57 Although there is most limited material to which I can have regard, it seems as though what occurred was a process of frantic, if not, panic stricken reaction by the offender to the prospect of being tried and punished for the alleged fraud, possibly influenced by a degree of paranoia. His thought processes did not appear at all organised. He seems to have resorted to drastic and fantastic expedients because of the intellectual and personality deficits described by the psychologist.
58 His criminality should be considered to be mitigated to some limited, but some, degree by these matters: Regina v. Letteri (CCA, unreported 18 March 1992). Considering the criteria, comparisons between individual cases are of no assistance. It is hard to find any guiding principle which might operate by way of gloss upon the section to afford any further assistance than is afforded by direct regard to the express words of the provision. It is of no assistance to consider categories of murder such as those applicable to contract killers, political assassinations, killing for profit or to consider particular examples of other persons, who other judges, in other circumstances, but for the same crime thought deserved the maximum sentence.
59 I have considered all matters relevant to culpability and particularly the gravity, multiplicity and frequency of the crimes in context and, particularly, the offender's psychological deficits as appear to have been involved in his criminality. Notwithstanding that his conduct has been appalling and reprehensible in the extreme, I have been unable, after anxious consideration, to conclude that I am satisfied that the level of culpability is so extreme that the community's interest in retribution, punishment, community protection and deterrence can only be met through the imposition of a sentence which would require the confinement of the offender for the rest of his natural life.
60 I am, however, of the view, having regard to all those matters, that nonetheless, a very lengthy sentence which will include a most substantial non-parole period, must be passed.

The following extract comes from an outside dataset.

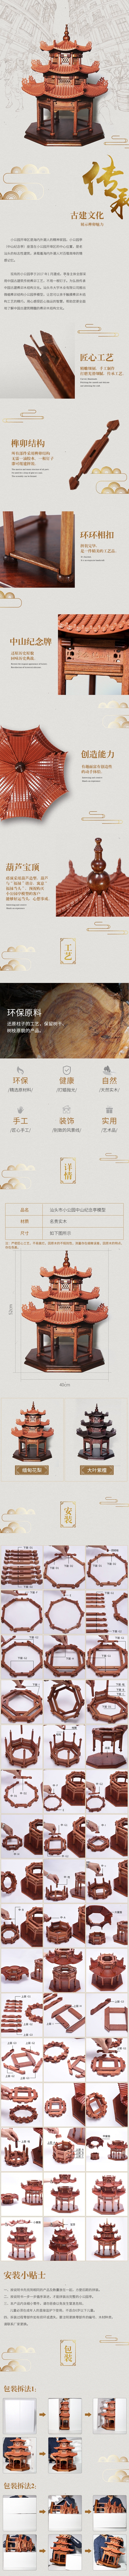 淘宝美工y221699汕头市小公园中山纪念亭模型 详情页作品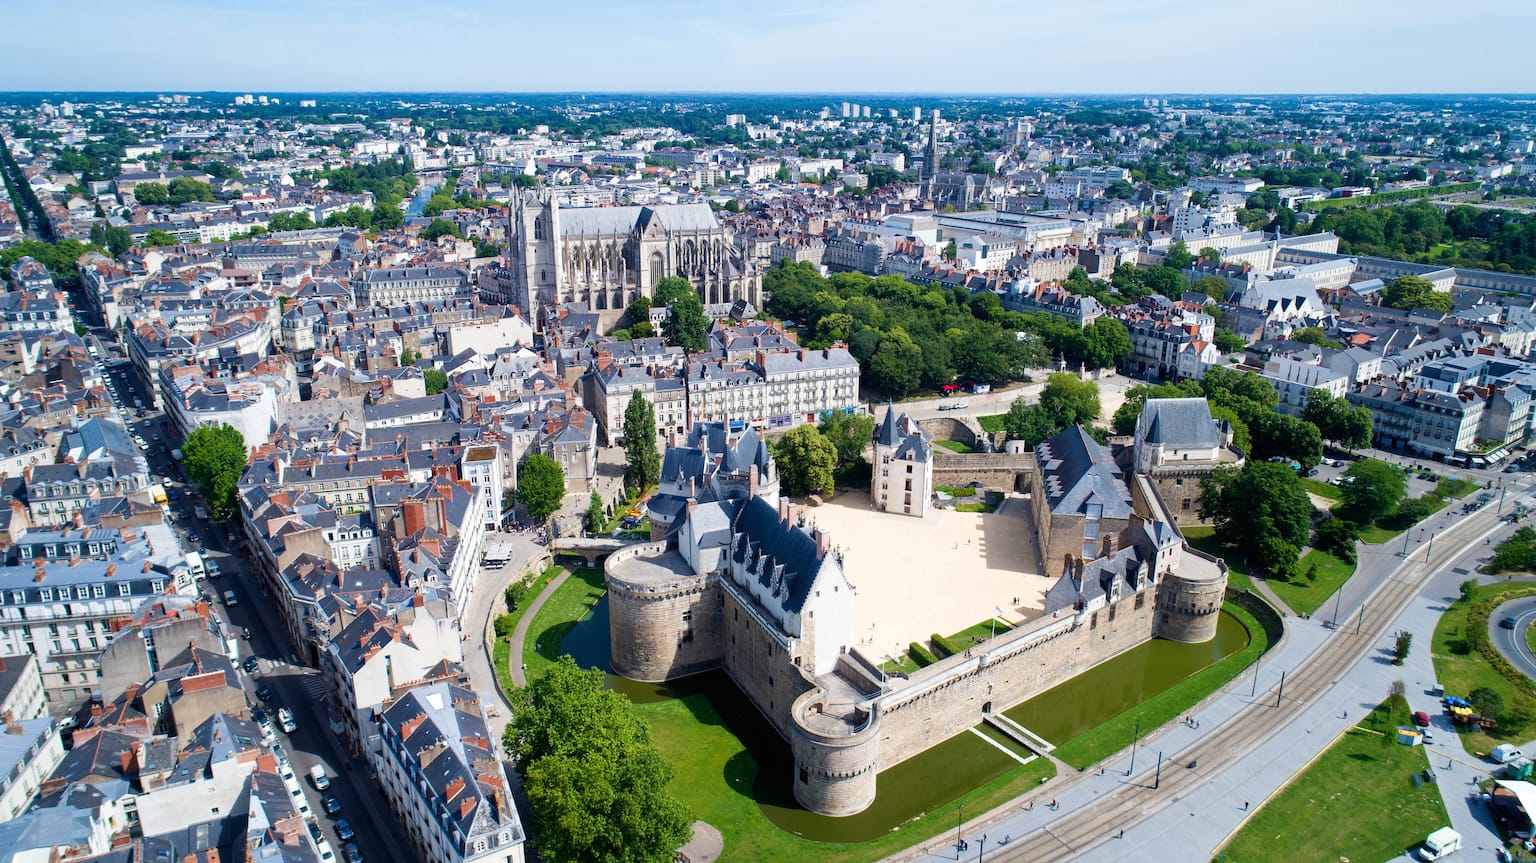 Vue sur le centre historique de Nantes et le château des Ducs de Bretagne, à proximité de notre agence RGPD basée aux alentours de Nantes.

61 In that regard, however, the very length of the sentence together with the matters I have earlier referred to in evidence from the psychologist's report and going to the offender's cognitive deficits and possible brain damage and his isolation are such as amount to special circumstances. I am firmly of the view that, having regard to the matters I referred to in Petrinovic (supra) at paras.64-66, the maximum opportunity should be afforded to the offender for supervision after release but under the sanction of a possible return to custody, and that should be catered for by varying the statutory proportions envisaged by s.44(2) of the Act to a limited extent.
62 In accordance with the decision of the Court of Criminal Appeal in Thomson & Houlton (supra), I express the discount for the plea of guilty as allowed at 15%.
63 Mr. Offer, on the charge of murder, you are sentenced to a total sentence of 34 years. There will be a 25 year non-parole period. That sentence takes into account the three matters on the Form 1. On the charge of cause grievous bodily harm with intent to murder, you are sentenced to 10 years imprisonment to be served concurrently with the sentence on the murder charge. I decline to set a non-parole period for that offence because of the other penalty imposed on you for the murder offence.
64 I direct that those sentences commence on 17 October 1997. I specify that the earliest date on which the offender will be eligible for release from custody or eligible to be released on parole is 16 October 2022.